Ray se la imagina pasándola a ciegas por el lector, pero luego piensa que la sala de ventas tiene alguna iluminación del exterior, una idea que parece una promesa de recuperar su visión. Asume que la infeliz y distante voz femenina es de Connie, ¿o es de Agnes desde el montacargas? ¿Ha fallado la energía también en él? Antes de que pregunte a sus compañeros si han reconocido la voz en apuros, Nigel habla:

– Tienes un móvil, ¿verdad, Ray?

– Lo tenía.

– No me estarás diciendo que te lo has dejado abajo. ¿Qué sentido tiene tenerlo si no lo llevas encima?

– Está en mi bolsillo, pero no vale para nada. Agnes lo sacó a la niebla y se lo cargó.

– ¿No has vuelto a intentar hacerlo funcionar? -La voz de Nigel suena rígida, forzada para no resultar estridente-. ¿Podrías hacerlo ahora?

– ¿A quién crees que debería llamar, Nigel? ¿A la compañía eléctrica para que venga a arreglar los fusibles?

– A nadie.

– Te diré algo entonces, Nigel, a nadie es precisamente a quien voy a llamar.

– Creo que sé lo que quiere decir Nigel -admite Angus.

– ¿Entonces quién me va a dar a conocer vuestro secretito? -pregunta Ray, inducido no solo por el cálido y húmedo aliento de Angus, demasiado cercano a su cara.

– ¿No sale luz cuando se enciende? -sugiere Nigel.

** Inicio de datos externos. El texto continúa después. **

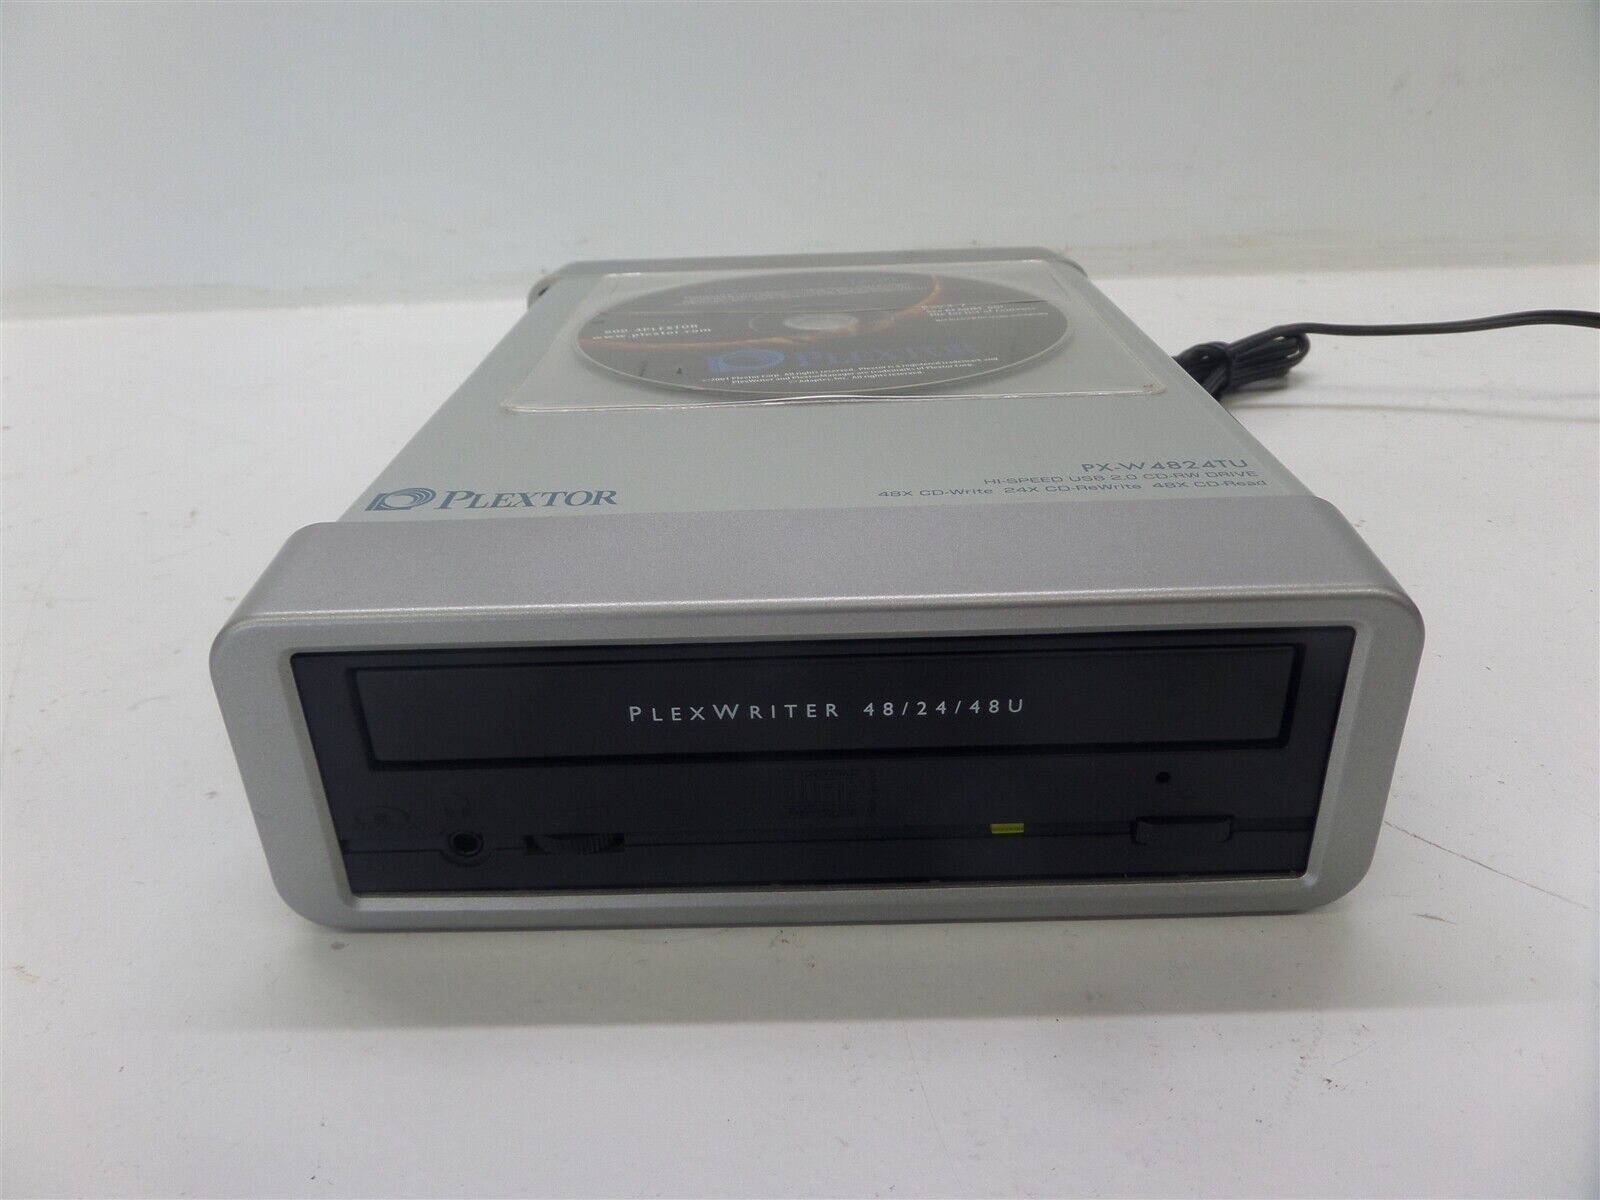 Plextor Plexwriter 48/24/28U Hi-Speed USB 2.0 CD-RW External Drive PX-W4824TU 
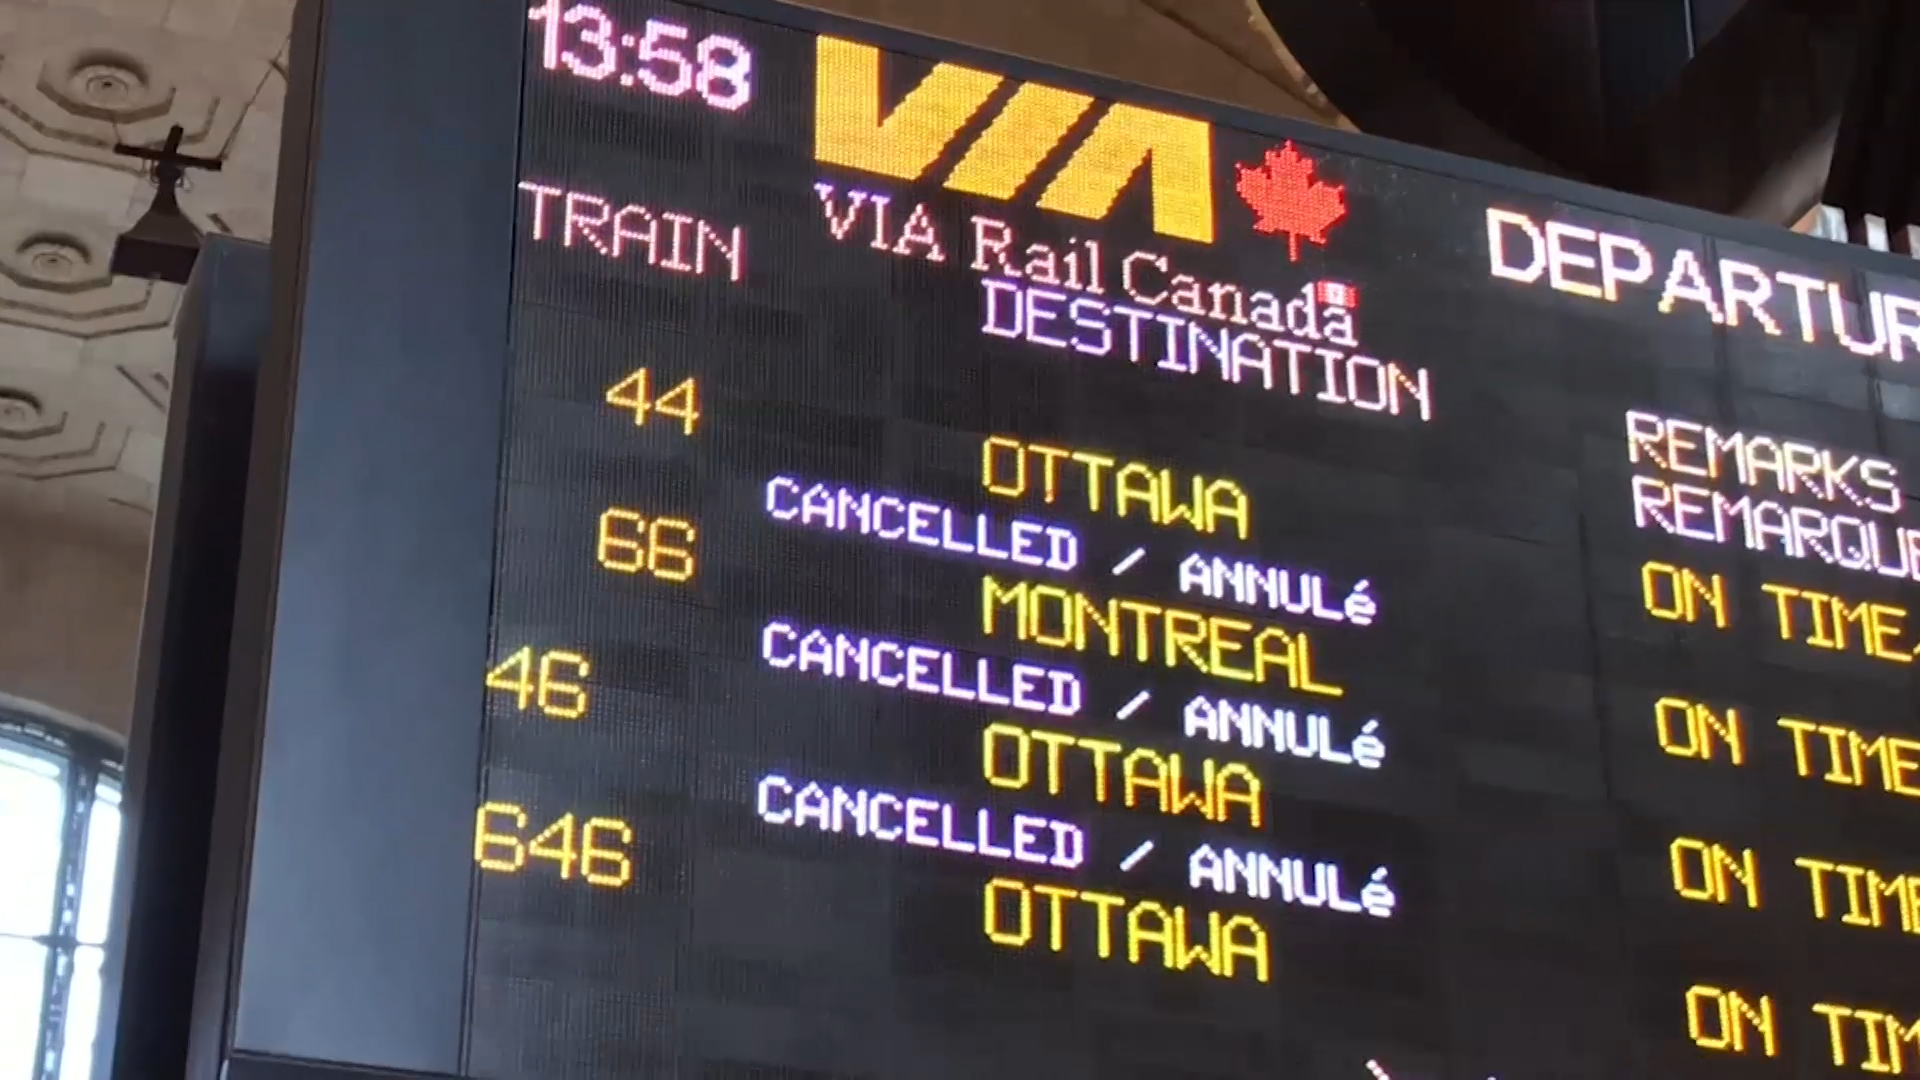 via rail trip cancellation

Su tono insistente hace que a Ray le den ganas de abofetearlo. Ray se siente tan estúpido por no darse cuenta de que el teléfono puede suministrarles iluminación, que al sacarlo torpemente de su bolsillo desea dejar por mentiroso a Nigel, lo cual es incluso más estúpido. En el momento que Ray toca la tecla de encendido, Woody dice a los cuatro vientos:

– Connie no puede entrar. Uno de vosotros tendrá que bajar a abrir.

Ray aprieta un botón, y el teclado se ilumina con una luz verde. Ve a Angus comenzando a sonreír al tiempo que el brillo adhiere su distorsionada sombra gris a la puerta blanca. Nigel se inclina sobre él, su expresión de pánico comienza a relajarse, alejándose de la máscara que debió de ser en la oscuridad. Un momento después, la luz parpadea y muere, y no va a revivir por mucho que aporree el teclado. Ray oye a Nigel gimiendo por lo bajo, como alguien que no puede despertar de una pesadilla, y esta vez tiene que evitar dejarse llevar por la desesperación de Nigel. Sabe que es irracional, lo cual debería salvarle de ser afectado por ella, pero incluso tras meterse de nuevo el pedazo de plástico inservible en el bolsillo, se siente aislado de Sandra y el bebé de una manera que no había experimentado nunca antes. Hasta que puede espantar de su cabeza esa idea, comienza a creer que la cegadora oscuridad significa que nunca va a volver a verlos, que la chispa de energía restante en su móvil era su última oportunidad de llegar a ellos.